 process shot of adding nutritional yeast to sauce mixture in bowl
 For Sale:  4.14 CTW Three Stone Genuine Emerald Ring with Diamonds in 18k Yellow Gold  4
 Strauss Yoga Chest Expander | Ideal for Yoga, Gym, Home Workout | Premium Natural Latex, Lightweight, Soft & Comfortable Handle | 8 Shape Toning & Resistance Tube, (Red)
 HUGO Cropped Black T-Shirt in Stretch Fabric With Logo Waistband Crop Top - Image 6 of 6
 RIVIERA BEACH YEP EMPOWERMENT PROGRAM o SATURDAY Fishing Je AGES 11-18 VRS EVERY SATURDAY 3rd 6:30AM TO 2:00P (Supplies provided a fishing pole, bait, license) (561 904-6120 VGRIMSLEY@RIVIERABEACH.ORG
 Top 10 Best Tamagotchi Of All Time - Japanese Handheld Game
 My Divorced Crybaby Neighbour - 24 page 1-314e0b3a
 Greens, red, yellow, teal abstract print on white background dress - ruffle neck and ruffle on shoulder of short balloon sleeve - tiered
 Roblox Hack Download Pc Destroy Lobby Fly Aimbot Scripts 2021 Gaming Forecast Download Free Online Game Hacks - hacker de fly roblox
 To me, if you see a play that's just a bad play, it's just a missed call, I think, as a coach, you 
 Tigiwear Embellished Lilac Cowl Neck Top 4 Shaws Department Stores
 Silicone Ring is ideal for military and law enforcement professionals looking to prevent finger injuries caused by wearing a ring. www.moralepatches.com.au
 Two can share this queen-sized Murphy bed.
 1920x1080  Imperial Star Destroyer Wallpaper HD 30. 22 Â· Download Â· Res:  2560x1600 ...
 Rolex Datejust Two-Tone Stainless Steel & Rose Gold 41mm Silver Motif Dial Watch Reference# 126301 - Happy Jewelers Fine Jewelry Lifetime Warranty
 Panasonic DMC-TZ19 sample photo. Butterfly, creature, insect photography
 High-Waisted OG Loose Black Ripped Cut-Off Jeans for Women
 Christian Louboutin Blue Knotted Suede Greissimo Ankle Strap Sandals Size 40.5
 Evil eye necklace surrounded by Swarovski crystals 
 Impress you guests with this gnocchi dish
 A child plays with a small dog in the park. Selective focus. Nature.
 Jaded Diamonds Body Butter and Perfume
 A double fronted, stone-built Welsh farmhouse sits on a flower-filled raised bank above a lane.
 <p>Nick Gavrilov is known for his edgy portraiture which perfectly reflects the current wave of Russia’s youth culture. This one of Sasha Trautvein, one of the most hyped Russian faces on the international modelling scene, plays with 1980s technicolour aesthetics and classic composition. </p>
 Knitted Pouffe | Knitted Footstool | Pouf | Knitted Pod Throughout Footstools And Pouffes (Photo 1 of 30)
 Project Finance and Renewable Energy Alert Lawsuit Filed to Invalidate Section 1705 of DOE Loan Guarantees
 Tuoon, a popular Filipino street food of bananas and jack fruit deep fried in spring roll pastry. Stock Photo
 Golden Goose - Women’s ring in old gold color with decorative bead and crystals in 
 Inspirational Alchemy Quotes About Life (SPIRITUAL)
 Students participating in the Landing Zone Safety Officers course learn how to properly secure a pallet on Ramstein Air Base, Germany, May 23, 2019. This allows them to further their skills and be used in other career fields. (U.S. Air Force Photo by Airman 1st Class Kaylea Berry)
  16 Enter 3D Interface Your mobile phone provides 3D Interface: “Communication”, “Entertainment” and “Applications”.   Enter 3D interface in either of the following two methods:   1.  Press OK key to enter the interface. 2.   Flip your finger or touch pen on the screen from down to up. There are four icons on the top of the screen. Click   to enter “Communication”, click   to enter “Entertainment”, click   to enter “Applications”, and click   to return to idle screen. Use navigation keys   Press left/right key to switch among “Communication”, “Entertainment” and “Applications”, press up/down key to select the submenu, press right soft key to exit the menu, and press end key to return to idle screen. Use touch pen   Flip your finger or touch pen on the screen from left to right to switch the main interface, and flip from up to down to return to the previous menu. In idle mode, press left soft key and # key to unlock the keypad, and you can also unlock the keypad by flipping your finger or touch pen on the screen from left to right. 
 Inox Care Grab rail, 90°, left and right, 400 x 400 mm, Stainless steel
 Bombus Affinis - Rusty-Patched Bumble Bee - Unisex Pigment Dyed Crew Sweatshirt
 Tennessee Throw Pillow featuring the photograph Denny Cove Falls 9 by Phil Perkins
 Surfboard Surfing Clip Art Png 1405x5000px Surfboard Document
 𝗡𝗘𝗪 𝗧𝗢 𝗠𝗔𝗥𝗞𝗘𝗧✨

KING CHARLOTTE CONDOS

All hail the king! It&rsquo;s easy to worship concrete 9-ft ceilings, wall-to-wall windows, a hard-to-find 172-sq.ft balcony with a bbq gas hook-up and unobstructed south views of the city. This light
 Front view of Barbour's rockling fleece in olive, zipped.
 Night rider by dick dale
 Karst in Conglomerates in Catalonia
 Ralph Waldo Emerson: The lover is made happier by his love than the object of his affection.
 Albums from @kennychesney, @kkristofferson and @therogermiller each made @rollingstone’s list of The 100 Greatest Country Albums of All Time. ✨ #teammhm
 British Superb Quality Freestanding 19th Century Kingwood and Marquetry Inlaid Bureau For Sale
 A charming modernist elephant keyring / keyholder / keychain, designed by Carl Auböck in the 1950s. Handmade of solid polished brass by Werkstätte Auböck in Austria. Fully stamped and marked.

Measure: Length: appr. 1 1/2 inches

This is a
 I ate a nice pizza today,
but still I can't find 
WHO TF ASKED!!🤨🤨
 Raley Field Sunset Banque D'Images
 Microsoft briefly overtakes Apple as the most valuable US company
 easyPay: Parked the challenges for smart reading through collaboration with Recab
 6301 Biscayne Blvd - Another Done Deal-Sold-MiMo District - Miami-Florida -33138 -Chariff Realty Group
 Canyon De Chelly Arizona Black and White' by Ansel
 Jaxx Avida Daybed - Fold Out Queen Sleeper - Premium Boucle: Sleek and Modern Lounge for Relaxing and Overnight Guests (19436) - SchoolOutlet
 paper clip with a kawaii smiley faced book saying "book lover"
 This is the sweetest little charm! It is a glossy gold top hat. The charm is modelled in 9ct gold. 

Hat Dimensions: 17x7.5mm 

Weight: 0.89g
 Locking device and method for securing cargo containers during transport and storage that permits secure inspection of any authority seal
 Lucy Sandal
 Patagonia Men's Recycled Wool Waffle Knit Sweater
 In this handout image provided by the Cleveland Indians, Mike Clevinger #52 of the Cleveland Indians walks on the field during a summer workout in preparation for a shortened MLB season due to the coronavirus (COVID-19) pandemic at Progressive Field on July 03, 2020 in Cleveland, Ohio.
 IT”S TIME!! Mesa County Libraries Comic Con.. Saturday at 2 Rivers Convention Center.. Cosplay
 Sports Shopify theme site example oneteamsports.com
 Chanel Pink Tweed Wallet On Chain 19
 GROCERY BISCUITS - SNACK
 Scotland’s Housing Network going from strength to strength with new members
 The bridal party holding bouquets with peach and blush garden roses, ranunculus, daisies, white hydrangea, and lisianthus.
————
ACTIVITY |
Your task is to reproduce all the data exactly as shown.

SOLUTION |
 process shot of adding nutritional yeast to sauce mixture in bowl
 For Sale:  4.14 CTW Three Stone Genuine Emerald Ring with Diamonds in 18k Yellow Gold  4
 Strauss Yoga Chest Expander | Ideal for Yoga, Gym, Home Workout | Premium Natural Latex, Lightweight, Soft & Comfortable Handle | 8 Shape Toning & Resistance Tube, (Red)
 HUGO Cropped Black T-Shirt in Stretch Fabric With Logo Waistband Crop Top - Image 6 of 6
 RIVIERA BEACH YEP EMPOWERMENT PROGRAM o SATURDAY Fishing Je AGES 11-18 VRS EVERY SATURDAY 3rd 6:30AM TO 2:00P (Supplies provided a fishing pole, bait, license) (561 904-6120 VGRIMSLEY@RIVIERABEACH.ORG
 Top 10 Best Tamagotchi Of All Time - Japanese Handheld Game
 My Divorced Crybaby Neighbour - 24 page 1-314e0b3a
 Greens, red, yellow, teal abstract print on white background dress - ruffle neck and ruffle on shoulder of short balloon sleeve - tiered
 Roblox Hack Download Pc Destroy Lobby Fly Aimbot Scripts 2021 Gaming Forecast Download Free Online Game Hacks - hacker de fly roblox
 To me, if you see a play that's just a bad play, it's just a missed call, I think, as a coach, you 
 Tigiwear Embellished Lilac Cowl Neck Top 4 Shaws Department Stores
 Silicone Ring is ideal for military and law enforcement professionals looking to prevent finger injuries caused by wearing a ring. www.moralepatches.com.au
 Two can share this queen-sized Murphy bed.
 1920x1080  Imperial Star Destroyer Wallpaper HD 30. 22 Â· Download Â· Res:  2560x1600 ...
 Rolex Datejust Two-Tone Stainless Steel & Rose Gold 41mm Silver Motif Dial Watch Reference# 126301 - Happy Jewelers Fine Jewelry Lifetime Warranty
 Panasonic DMC-TZ19 sample photo. Butterfly, creature, insect photography
 High-Waisted OG Loose Black Ripped Cut-Off Jeans for Women
 Christian Louboutin Blue Knotted Suede Greissimo Ankle Strap Sandals Size 40.5
 Evil eye necklace surrounded by Swarovski crystals 
 Impress you guests with this gnocchi dish
 A child plays with a small dog in the park. Selective focus. Nature.
 Jaded Diamonds Body Butter and Perfume
 A double fronted, stone-built Welsh farmhouse sits on a flower-filled raised bank above a lane.
 <p>Nick Gavrilov is known for his edgy portraiture which perfectly reflects the current wave of Russia’s youth culture. This one of Sasha Trautvein, one of the most hyped Russian faces on the international modelling scene, plays with 1980s technicolour aesthetics and classic composition. </p>
 Knitted Pouffe | Knitted Footstool | Pouf | Knitted Pod Throughout Footstools And Pouffes (Photo 1 of 30)
 Project Finance and Renewable Energy Alert Lawsuit Filed to Invalidate Section 1705 of DOE Loan Guarantees
 Tuoon, a popular Filipino street food of bananas and jack fruit deep fried in spring roll pastry. Stock Photo
 Golden Goose - Women’s ring in old gold color with decorative bead and crystals in 
 Inspirational Alchemy Quotes About Life (SPIRITUAL)
 Students participating in the Landing Zone Safety Officers course learn how to properly secure a pallet on Ramstein Air Base, Germany, May 23, 2019. This allows them to further their skills and be used in other career fields. (U.S. Air Force Photo by Airman 1st Class Kaylea Berry)
  16 Enter 3D Interface Your mobile phone provides 3D Interface: “Communication”, “Entertainment” and “Applications”.   Enter 3D interface in either of the following two methods:   1.  Press OK key to enter the interface. 2.   Flip your finger or touch pen on the screen from down to up. There are four icons on the top of the screen. Click   to enter “Communication”, click   to enter “Entertainment”, click   to enter “Applications”, and click   to return to idle screen. Use navigation keys   Press left/right key to switch among “Communication”, “Entertainment” and “Applications”, press up/down key to select the submenu, press right soft key to exit the menu, and press end key to return to idle screen. Use touch pen   Flip your finger or touch pen on the screen from left to right to switch the main interface, and flip from up to down to return to the previous menu. In idle mode, press left soft key and # key to unlock the keypad, and you can also unlock the keypad by flipping your finger or touch pen on the screen from left to right. 
 Inox Care Grab rail, 90°, left and right, 400 x 400 mm, Stainless steel
 Bombus Affinis - Rusty-Patched Bumble Bee - Unisex Pigment Dyed Crew Sweatshirt
 Tennessee Throw Pillow featuring the photograph Denny Cove Falls 9 by Phil Perkins
 Surfboard Surfing Clip Art Png 1405x5000px Surfboard Document
 𝗡𝗘𝗪 𝗧𝗢 𝗠𝗔𝗥𝗞𝗘𝗧✨

KING CHARLOTTE CONDOS

All hail the king! It&rsquo;s easy to worship concrete 9-ft ceilings, wall-to-wall windows, a hard-to-find 172-sq.ft balcony with a bbq gas hook-up and unobstructed south views of the city. This light
 Front view of Barbour's rockling fleece in olive, zipped.
 Night rider by dick dale
 Karst in Conglomerates in Catalonia
 Ralph Waldo Emerson: The lover is made happier by his love than the object of his affection.
 Albums from @kennychesney, @kkristofferson and @therogermiller each made @rollingstone’s list of The 100 Greatest Country Albums of All Time. ✨ #teammhm
 British Superb Quality Freestanding 19th Century Kingwood and Marquetry Inlaid Bureau For Sale
 A charming modernist elephant keyring / keyholder / keychain, designed by Carl Auböck in the 1950s. Handmade of solid polished brass by Werkstätte Auböck in Austria. Fully stamped and marked.

Measure: Length: appr. 1 1/2 inches

This is a
 I ate a nice pizza today,
but still I can't find 
WHO TF ASKED!!🤨🤨
 Raley Field Sunset Banque D'Images
 Microsoft briefly overtakes Apple as the most valuable US company
 easyPay: Parked the challenges for smart reading through collaboration with Recab
 6301 Biscayne Blvd - Another Done Deal-Sold-MiMo District - Miami-Florida -33138 -Chariff Realty Group
 Canyon De Chelly Arizona Black and White' by Ansel
 Jaxx Avida Daybed - Fold Out Queen Sleeper - Premium Boucle: Sleek and Modern Lounge for Relaxing and Overnight Guests (19436) - SchoolOutlet
 paper clip with a kawaii smiley faced book saying "book lover"
 This is the sweetest little charm! It is a glossy gold top hat. The charm is modelled in 9ct gold. 

Hat Dimensions: 17x7.5mm 

Weight: 0.89g
 Locking device and method for securing cargo containers during transport and storage that permits secure inspection of any authority seal
 Lucy Sandal
 Patagonia Men's Recycled Wool Waffle Knit Sweater
 In this handout image provided by the Cleveland Indians, Mike Clevinger #52 of the Cleveland Indians walks on the field during a summer workout in preparation for a shortened MLB season due to the coronavirus (COVID-19) pandemic at Progressive Field on July 03, 2020 in Cleveland, Ohio.
 IT”S TIME!! Mesa County Libraries Comic Con.. Saturday at 2 Rivers Convention Center.. Cosplay
 Sports Shopify theme site example oneteamsports.com
 Chanel Pink Tweed Wallet On Chain 19
 GROCERY BISCUITS - SNACK
 Scotland’s Housing Network going from strength to strength with new members
 The bridal party holding bouquets with peach and blush garden roses, ranunculus, daisies, white hydrangea, and lisianthus.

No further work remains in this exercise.